The Browser AI API is a proposal for a new browser feature that makes AI models accessible directly on users' devices through the browser. By offering a simple API available on the window object, this approach would allow websites to leverage AI without sending data to the cloud, preserving privacy, reducing latency, and enabling offline functionality.
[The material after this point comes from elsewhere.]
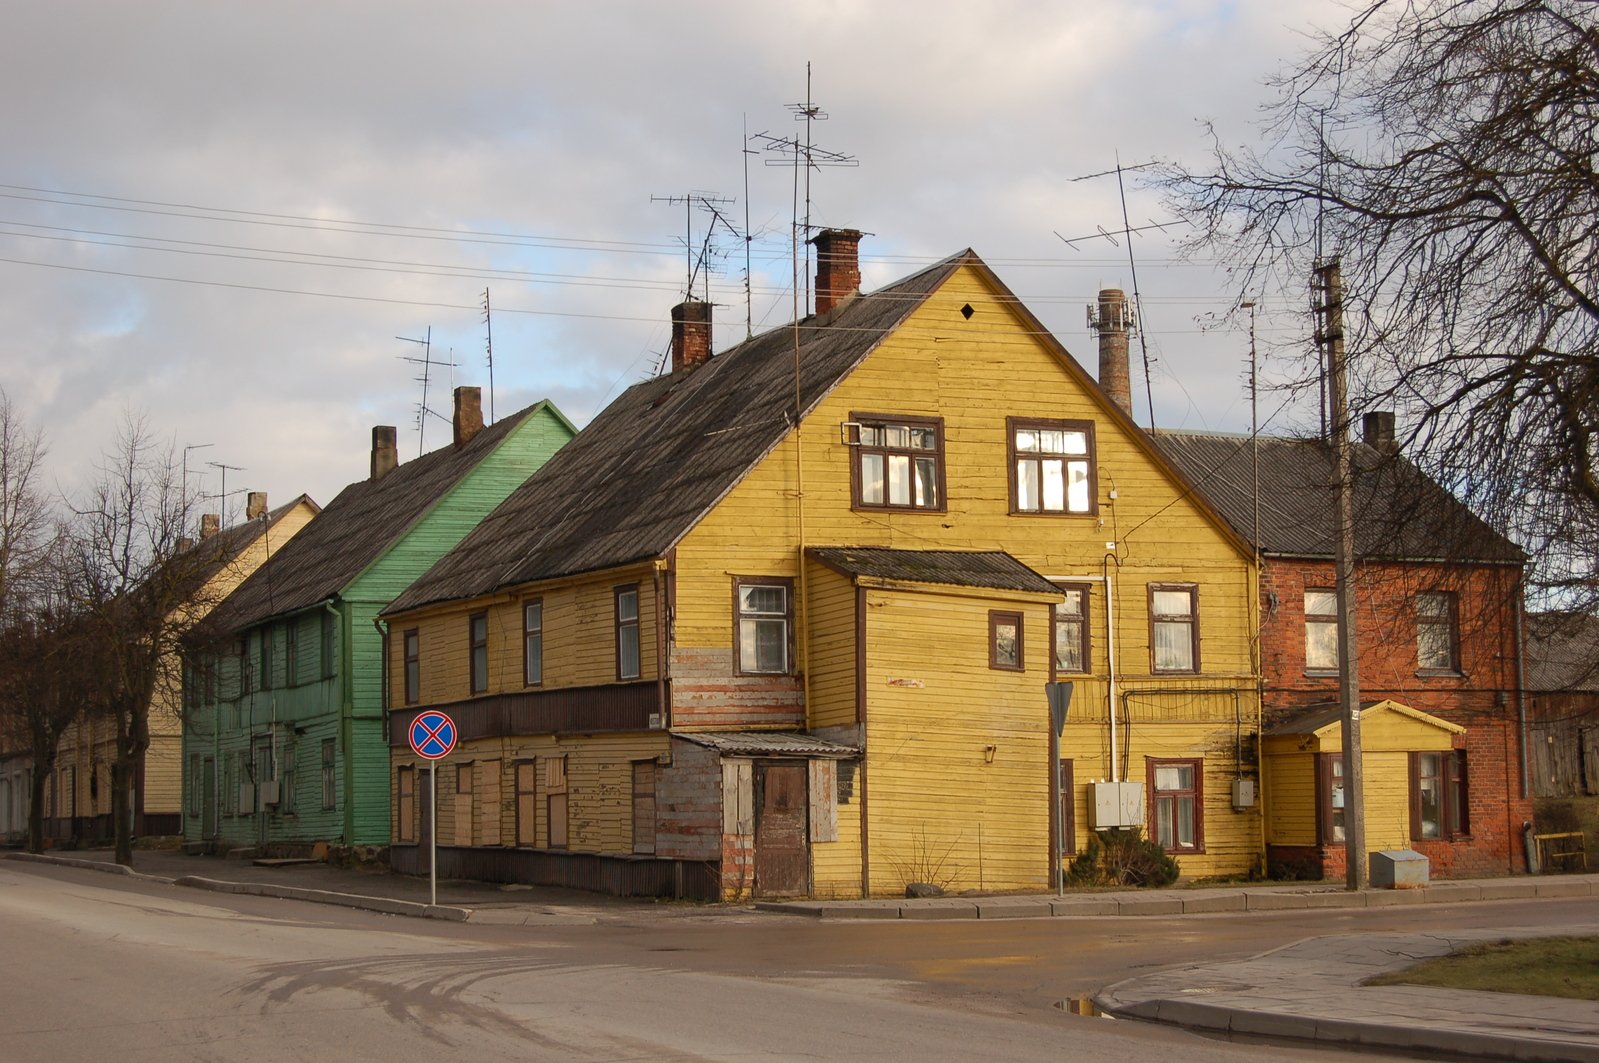 a row of houses painted yellow in the foreground

This is about empowering developers to integrate advanced AI into web apps—without needing heavy infrastructure—while giving users control over their data and the models they choose to run. Imagine a world where on-device AI enhances web apps in real-time, with no data leaving the device and no reliance on external servers.

The API would let developers:

Query available AI models on a users' device.
Request user permission to access specific models.
Create sessions with the models.
Perform common tasks like text generation, embeddings, and chat.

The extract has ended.